**Supplied data**
_ _ _

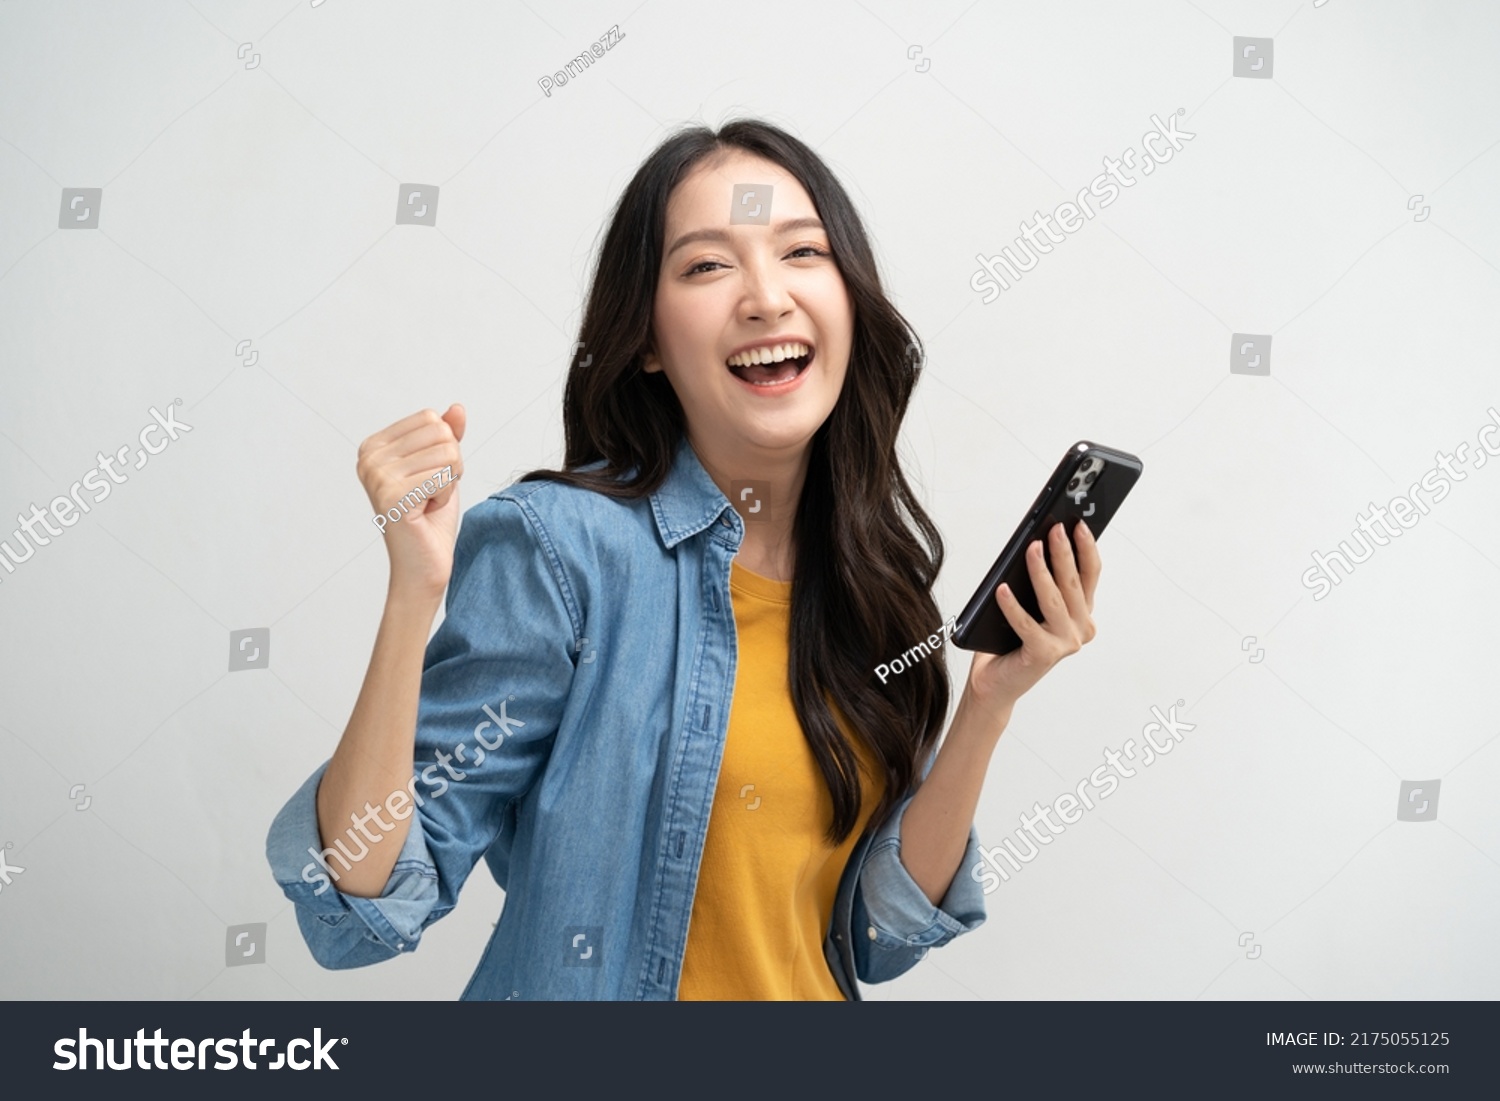 Happy Asian woman holding a smartphone and winning the prize. #2175055125
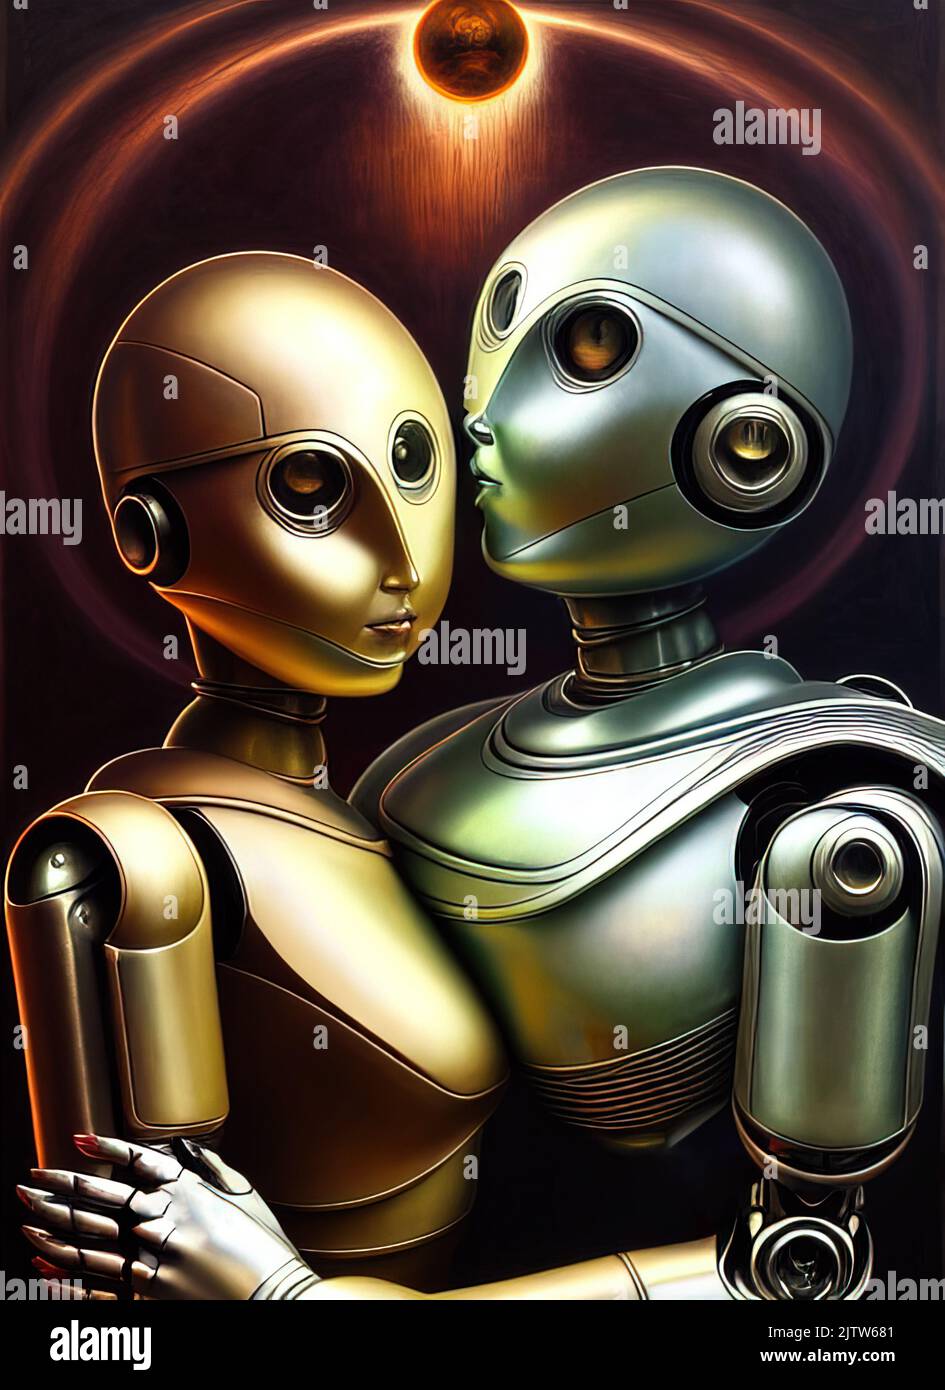 Humanoid androids robots couple embrace each other Stock Photo
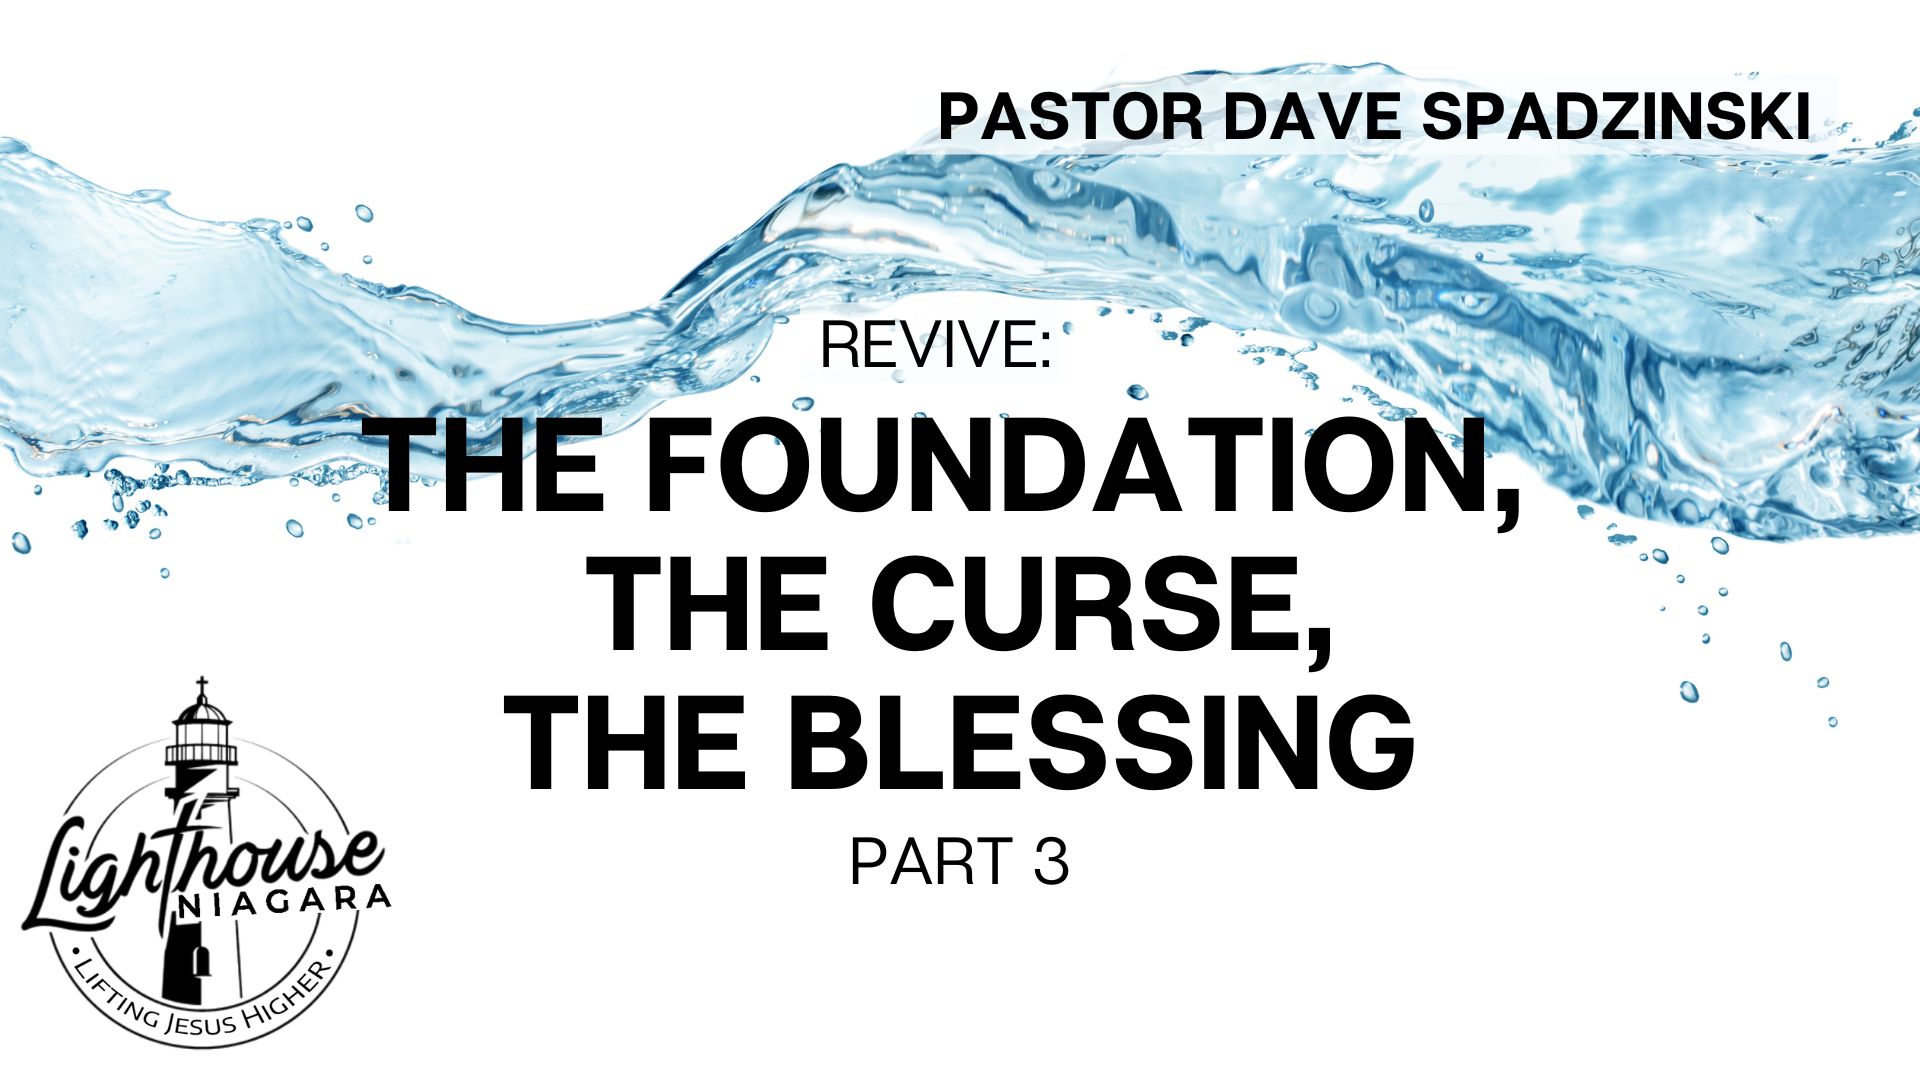 Revive: The Foundation, The Curse, The Blessing - Pastor Dave Spadzinski

_ _ _

When you find the line that contains "Humanoid androids robots", retype it and every line after it through the end of the data above, exactly, with no pictures.

**Task result**
 Humanoid androids robots couple embrace each other Stock Photo
 Revive: The Foundation, The Curse, The Blessing - Pastor Dave Spadzinski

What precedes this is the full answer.